Matrix Inverse Algorithm
Algorithm
The matrix inverse algorithm is an algorithm which either:
or:
- $(2): \quad$ determines that such an inverse does not exist.
Let $\mathbf A$ be the $n \times n$ square matrix in question.
Let $\mathbf I$ be the unit matrix of order $n$.
- Step $0$: Create the augmented matrix $\begin {bmatrix} \mathbf A & \mathbf I \end {bmatrix}$.
- Step $1$: Perform elementary row operations until $\begin {bmatrix} \mathbf A & \mathbf I \end {bmatrix}$ is in reduced echelon form.
By Matrix is Row Equivalent to Reduced Echelon Matrix, this is possible.
By Reduced Echelon Matrix is Unique, this process is well-defined.
Call this new augmented matrix $\begin {bmatrix} \mathbf H & \mathbf C \end {bmatrix}$.
- Step $2$:
- If $\mathbf H = \mathbf I$, then take $\mathbf C = \mathbf A^{-1}$.
- If $\mathbf H \ne \mathbf I$, $\mathbf A$ is not invertible.
Proof
Suppose $\begin {bmatrix} \mathbf A & \mathbf I \end {bmatrix}$ can be transformed into an upper triangular matrix with no zeroes on its main diagonal.
Then from Identity Matrix from Upper Triangular Matrix, it can further be transformed into $\begin {bmatrix} \mathbf H & \mathbf C \end {bmatrix}$ where $\mathbf H = \mathbf I$.

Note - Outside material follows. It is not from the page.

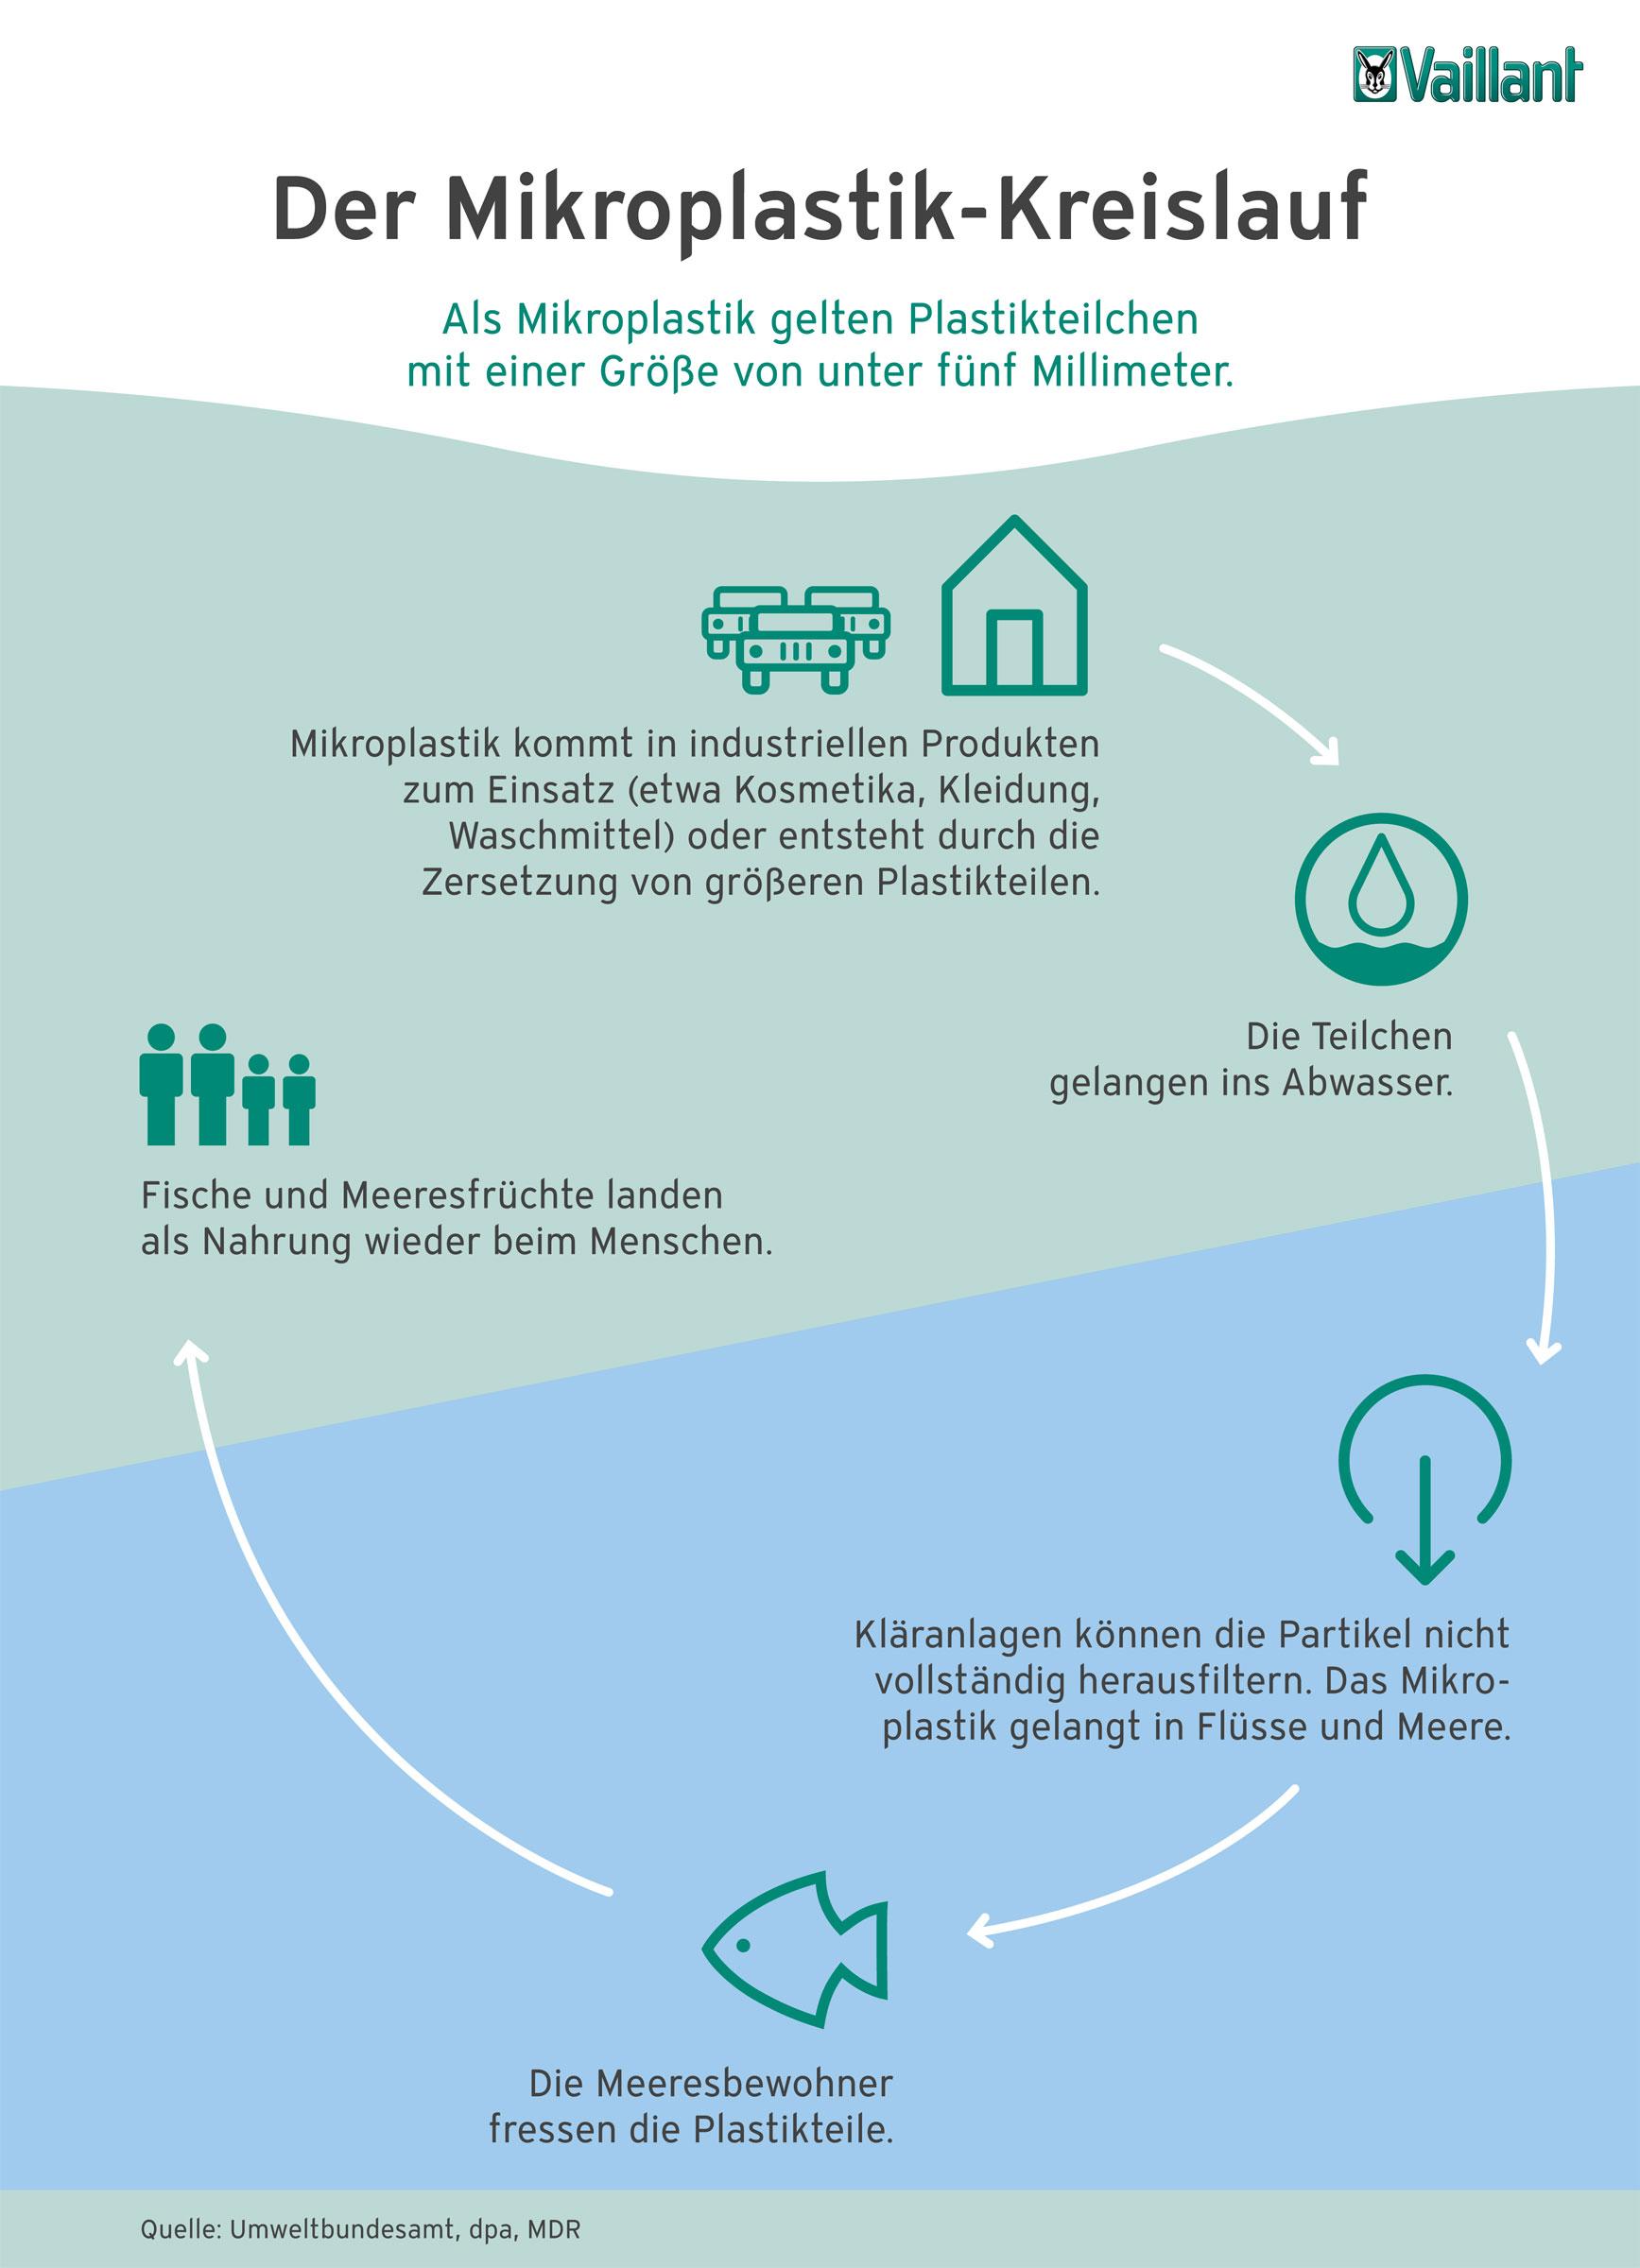 Die Infografik zeigt den Mikroplastik-Kreislauf von der Zersetzung über den Weg ins Meer bis hin zur Nahrungsaufnahme.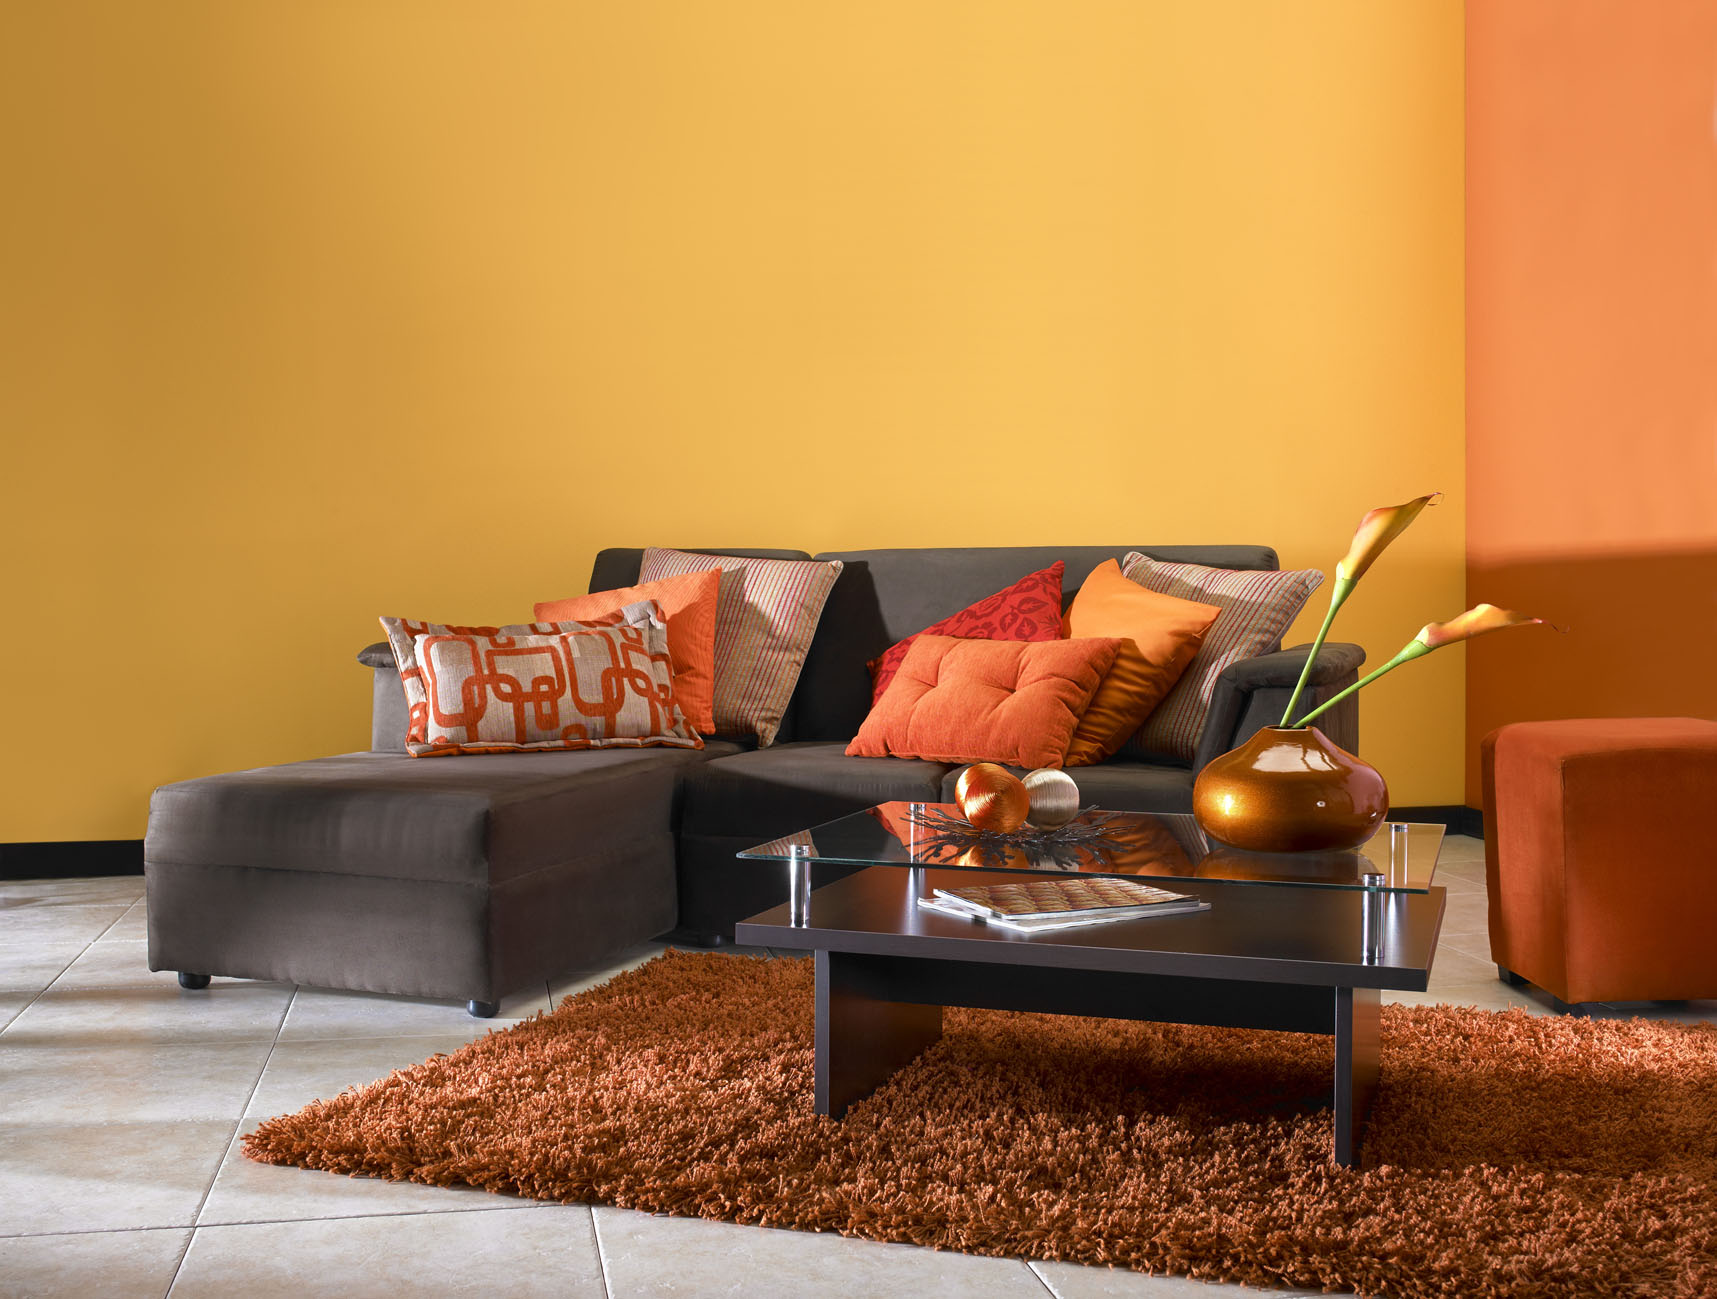 El arco ris de la decoraci n casa y mantel for Decoracion naranja

From Row Operation is Equivalent to Pre-Multiplication by Product of Elementary Matrices, the row operation to convert $\begin {bmatrix} \mathbf A & \mathbf I \end {bmatrix}$ to $\begin {bmatrix} \mathbf H & \mathbf C \end {bmatrix}$ is equivalent to the matrix product of the elementary row matrices corresponding to the sequence of elementary row operations that compose that row operation.
Let $\mathbf R$ be that matrix corresponding to that row operation.
Because $\mathbf H = \mathbf I$, it follows that:
- $\mathbf R \mathbf A = \mathbf I$
and so $\mathbf R$ is the inverse of $\mathbf A$.
That is:
- $\mathbf R = \mathbf A^{-1}$
We also have, from the action of $\mathbf R$ on the right hand side of the augmented matrix $\begin {bmatrix} \mathbf A & \mathbf I \end {bmatrix}$ that:
- $\mathbf R \mathbf I = \mathbf C$
and so:
- $\mathbf C = \mathbf R = \mathbf A^{-1}$
$\Box$
Now suppose that $\mathbf H \ne \mathbf I$.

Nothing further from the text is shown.